───── Material provided

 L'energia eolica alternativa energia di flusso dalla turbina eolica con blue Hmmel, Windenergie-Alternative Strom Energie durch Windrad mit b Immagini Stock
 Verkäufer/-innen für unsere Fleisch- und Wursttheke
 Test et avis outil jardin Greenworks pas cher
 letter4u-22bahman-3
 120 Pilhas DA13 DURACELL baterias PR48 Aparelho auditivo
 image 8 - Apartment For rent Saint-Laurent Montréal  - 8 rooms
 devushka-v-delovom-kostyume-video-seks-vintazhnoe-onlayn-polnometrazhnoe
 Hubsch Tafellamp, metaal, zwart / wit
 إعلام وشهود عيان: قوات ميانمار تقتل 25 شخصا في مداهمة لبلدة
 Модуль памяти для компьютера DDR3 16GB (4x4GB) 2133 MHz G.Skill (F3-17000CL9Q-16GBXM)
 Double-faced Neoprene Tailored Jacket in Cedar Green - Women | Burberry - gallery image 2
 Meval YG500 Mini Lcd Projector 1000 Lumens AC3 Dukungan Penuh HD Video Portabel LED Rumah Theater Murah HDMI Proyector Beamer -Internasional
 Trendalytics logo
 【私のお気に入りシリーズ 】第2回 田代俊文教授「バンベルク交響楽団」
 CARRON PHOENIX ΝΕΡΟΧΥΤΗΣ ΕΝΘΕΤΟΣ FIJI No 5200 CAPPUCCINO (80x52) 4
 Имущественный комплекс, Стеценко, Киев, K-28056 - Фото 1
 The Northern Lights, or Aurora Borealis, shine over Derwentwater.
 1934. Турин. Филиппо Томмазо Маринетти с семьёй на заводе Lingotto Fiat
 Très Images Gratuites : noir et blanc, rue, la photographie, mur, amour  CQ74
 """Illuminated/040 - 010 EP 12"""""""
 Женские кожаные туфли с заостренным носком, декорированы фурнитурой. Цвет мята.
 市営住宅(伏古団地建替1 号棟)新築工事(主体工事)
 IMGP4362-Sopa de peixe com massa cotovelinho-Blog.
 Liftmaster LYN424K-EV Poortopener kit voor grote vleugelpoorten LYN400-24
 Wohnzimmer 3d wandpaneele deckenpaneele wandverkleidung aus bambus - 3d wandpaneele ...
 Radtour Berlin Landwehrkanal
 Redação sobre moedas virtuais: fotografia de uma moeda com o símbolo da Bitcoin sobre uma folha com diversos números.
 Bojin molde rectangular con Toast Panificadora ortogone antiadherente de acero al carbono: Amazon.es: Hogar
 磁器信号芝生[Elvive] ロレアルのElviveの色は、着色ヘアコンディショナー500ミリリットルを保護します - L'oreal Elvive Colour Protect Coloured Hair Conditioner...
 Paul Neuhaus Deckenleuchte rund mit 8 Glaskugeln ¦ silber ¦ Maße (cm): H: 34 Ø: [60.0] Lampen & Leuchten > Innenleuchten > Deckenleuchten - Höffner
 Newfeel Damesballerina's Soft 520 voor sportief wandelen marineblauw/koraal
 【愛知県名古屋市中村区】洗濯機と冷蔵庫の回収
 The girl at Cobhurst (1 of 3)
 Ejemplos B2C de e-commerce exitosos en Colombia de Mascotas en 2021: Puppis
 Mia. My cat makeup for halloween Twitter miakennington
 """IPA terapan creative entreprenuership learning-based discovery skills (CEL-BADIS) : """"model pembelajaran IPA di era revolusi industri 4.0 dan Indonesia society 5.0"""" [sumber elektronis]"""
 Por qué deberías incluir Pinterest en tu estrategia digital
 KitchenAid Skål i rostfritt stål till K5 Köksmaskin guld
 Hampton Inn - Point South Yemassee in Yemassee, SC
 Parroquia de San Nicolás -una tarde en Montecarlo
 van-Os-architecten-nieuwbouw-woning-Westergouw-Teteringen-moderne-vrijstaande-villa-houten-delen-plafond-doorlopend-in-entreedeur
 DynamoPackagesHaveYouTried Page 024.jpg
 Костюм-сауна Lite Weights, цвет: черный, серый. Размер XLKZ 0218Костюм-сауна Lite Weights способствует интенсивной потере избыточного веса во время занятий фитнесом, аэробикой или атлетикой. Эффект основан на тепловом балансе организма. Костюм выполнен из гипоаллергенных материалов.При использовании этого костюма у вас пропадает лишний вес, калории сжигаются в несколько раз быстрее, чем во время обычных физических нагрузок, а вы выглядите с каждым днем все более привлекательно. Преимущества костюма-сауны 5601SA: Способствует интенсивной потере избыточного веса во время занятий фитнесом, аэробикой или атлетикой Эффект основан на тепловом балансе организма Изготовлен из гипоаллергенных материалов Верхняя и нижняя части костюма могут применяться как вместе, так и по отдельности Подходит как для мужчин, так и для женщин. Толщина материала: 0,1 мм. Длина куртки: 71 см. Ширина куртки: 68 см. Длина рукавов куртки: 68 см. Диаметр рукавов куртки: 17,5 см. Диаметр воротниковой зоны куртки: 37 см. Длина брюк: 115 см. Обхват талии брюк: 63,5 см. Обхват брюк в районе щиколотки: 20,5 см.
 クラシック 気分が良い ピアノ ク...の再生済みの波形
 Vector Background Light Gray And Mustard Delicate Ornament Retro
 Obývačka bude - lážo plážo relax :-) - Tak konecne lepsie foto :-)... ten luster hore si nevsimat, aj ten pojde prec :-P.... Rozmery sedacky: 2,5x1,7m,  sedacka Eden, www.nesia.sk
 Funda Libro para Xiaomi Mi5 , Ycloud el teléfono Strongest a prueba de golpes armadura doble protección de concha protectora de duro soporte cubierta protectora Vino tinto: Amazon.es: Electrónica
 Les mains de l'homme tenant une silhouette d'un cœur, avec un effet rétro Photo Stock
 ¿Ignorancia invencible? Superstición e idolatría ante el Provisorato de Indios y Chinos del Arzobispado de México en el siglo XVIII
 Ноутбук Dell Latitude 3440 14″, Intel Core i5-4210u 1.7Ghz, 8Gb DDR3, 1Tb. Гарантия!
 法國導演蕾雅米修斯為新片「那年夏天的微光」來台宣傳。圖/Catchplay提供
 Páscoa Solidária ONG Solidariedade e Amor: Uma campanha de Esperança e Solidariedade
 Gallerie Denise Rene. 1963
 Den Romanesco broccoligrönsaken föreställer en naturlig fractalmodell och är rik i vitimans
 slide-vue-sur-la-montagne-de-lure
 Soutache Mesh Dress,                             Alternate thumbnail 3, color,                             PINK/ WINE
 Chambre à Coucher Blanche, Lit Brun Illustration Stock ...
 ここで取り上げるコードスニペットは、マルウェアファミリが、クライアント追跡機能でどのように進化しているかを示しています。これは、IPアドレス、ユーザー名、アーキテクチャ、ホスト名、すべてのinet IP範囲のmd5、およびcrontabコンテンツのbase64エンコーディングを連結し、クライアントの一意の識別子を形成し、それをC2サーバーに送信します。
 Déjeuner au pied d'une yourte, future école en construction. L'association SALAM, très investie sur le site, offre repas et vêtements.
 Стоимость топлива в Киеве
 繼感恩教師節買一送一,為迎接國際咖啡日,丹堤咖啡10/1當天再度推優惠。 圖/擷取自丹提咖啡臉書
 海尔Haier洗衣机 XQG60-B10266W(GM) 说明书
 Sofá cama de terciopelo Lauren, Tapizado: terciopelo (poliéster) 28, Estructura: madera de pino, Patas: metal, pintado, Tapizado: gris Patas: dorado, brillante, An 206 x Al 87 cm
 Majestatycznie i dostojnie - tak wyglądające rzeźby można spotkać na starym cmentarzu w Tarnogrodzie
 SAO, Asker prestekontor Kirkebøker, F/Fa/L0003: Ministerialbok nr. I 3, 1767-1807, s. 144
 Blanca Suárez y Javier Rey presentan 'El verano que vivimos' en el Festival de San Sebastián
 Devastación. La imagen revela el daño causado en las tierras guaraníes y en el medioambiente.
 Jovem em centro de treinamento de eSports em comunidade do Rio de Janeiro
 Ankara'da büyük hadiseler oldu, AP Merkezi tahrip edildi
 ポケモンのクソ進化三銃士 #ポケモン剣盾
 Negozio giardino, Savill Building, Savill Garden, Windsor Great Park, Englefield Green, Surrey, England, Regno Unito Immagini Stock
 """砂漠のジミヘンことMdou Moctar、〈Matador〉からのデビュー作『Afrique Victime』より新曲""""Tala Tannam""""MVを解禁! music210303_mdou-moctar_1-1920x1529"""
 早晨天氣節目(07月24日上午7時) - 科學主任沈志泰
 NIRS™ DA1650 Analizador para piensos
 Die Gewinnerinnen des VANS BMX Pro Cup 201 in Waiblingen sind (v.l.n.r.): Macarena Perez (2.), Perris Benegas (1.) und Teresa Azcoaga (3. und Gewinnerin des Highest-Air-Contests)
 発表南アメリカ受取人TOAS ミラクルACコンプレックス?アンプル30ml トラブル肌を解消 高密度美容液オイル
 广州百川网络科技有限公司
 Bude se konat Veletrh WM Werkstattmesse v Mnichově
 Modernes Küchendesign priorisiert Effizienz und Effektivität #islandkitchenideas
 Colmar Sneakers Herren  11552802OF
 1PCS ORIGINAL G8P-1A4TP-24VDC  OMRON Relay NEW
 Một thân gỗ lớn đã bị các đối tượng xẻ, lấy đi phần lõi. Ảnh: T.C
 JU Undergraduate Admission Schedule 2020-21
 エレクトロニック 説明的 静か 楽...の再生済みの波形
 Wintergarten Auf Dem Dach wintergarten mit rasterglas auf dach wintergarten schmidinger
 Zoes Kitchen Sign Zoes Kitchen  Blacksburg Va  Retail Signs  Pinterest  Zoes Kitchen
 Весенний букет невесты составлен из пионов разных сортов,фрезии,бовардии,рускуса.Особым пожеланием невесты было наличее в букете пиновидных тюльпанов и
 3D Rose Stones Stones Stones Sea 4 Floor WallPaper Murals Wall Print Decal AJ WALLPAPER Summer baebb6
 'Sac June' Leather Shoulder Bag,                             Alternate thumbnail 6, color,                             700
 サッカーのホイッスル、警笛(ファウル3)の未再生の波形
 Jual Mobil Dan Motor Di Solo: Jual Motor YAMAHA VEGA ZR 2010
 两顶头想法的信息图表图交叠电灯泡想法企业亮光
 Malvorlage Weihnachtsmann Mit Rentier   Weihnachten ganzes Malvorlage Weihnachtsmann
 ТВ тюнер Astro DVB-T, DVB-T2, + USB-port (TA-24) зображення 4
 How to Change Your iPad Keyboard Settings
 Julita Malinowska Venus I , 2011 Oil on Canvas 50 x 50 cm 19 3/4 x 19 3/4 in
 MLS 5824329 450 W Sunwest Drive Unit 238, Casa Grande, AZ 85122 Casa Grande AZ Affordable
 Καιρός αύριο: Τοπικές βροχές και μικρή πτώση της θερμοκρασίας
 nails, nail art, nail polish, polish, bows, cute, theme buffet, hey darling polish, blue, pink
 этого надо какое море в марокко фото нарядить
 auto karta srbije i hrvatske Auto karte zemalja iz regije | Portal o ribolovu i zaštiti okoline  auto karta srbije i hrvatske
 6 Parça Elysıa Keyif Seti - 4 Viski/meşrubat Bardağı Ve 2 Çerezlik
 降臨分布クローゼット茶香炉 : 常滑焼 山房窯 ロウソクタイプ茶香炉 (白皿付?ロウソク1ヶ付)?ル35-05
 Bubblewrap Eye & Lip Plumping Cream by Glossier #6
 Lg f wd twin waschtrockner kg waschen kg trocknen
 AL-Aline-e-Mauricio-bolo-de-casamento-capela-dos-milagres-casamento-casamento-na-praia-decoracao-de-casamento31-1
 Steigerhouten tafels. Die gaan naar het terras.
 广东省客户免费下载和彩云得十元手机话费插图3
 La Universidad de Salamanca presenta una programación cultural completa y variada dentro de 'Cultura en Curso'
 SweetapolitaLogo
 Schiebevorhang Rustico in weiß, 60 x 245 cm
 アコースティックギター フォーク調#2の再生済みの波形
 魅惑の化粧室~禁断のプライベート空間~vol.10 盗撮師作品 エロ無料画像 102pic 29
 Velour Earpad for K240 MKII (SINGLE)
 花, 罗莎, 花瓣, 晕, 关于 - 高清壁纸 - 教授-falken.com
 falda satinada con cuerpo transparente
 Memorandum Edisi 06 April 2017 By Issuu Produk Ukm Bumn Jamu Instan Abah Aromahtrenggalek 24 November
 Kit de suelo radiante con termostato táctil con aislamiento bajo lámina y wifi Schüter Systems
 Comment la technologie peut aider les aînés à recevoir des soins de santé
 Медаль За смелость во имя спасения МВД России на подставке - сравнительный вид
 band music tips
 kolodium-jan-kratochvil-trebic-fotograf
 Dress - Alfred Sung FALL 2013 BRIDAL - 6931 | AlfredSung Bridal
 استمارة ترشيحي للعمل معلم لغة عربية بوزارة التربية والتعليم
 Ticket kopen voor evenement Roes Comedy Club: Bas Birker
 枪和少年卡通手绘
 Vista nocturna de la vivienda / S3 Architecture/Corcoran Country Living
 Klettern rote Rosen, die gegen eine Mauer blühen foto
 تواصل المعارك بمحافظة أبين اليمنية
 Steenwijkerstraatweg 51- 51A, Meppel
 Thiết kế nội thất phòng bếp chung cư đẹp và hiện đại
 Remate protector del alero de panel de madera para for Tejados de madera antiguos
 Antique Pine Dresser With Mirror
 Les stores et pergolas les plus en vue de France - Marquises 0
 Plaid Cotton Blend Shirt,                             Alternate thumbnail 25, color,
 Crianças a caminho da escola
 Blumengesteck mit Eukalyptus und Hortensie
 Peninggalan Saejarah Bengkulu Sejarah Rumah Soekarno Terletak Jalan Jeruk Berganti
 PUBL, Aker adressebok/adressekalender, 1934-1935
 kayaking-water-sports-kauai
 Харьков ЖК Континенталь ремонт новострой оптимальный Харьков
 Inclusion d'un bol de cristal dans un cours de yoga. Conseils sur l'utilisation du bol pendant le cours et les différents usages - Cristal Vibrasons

──────────

**Exercise objective:**
The required output is every line above from the one with "广州百川网络科技有限公司" down to the one with "ТВ тюнер Astro", restated word for word, ends included.

**Result below:**
 广州百川网络科技有限公司
 Bude se konat Veletrh WM Werkstattmesse v Mnichově
 Modernes Küchendesign priorisiert Effizienz und Effektivität #islandkitchenideas
 Colmar Sneakers Herren  11552802OF
 1PCS ORIGINAL G8P-1A4TP-24VDC  OMRON Relay NEW
 Một thân gỗ lớn đã bị các đối tượng xẻ, lấy đi phần lõi. Ảnh: T.C
 JU Undergraduate Admission Schedule 2020-21
 エレクトロニック 説明的 静か 楽...の再生済みの波形
 Wintergarten Auf Dem Dach wintergarten mit rasterglas auf dach wintergarten schmidinger
 Zoes Kitchen Sign Zoes Kitchen  Blacksburg Va  Retail Signs  Pinterest  Zoes Kitchen
 Весенний букет невесты составлен из пионов разных сортов,фрезии,бовардии,рускуса.Особым пожеланием невесты было наличее в букете пиновидных тюльпанов и
 3D Rose Stones Stones Stones Sea 4 Floor WallPaper Murals Wall Print Decal AJ WALLPAPER Summer baebb6
 'Sac June' Leather Shoulder Bag,                             Alternate thumbnail 6, color,                             700
 サッカーのホイッスル、警笛(ファウル3)の未再生の波形
 Jual Mobil Dan Motor Di Solo: Jual Motor YAMAHA VEGA ZR 2010
 两顶头想法的信息图表图交叠电灯泡想法企业亮光
 Malvorlage Weihnachtsmann Mit Rentier   Weihnachten ganzes Malvorlage Weihnachtsmann
 ТВ тюнер Astro DVB-T, DVB-T2, + USB-port (TA-24) зображення 4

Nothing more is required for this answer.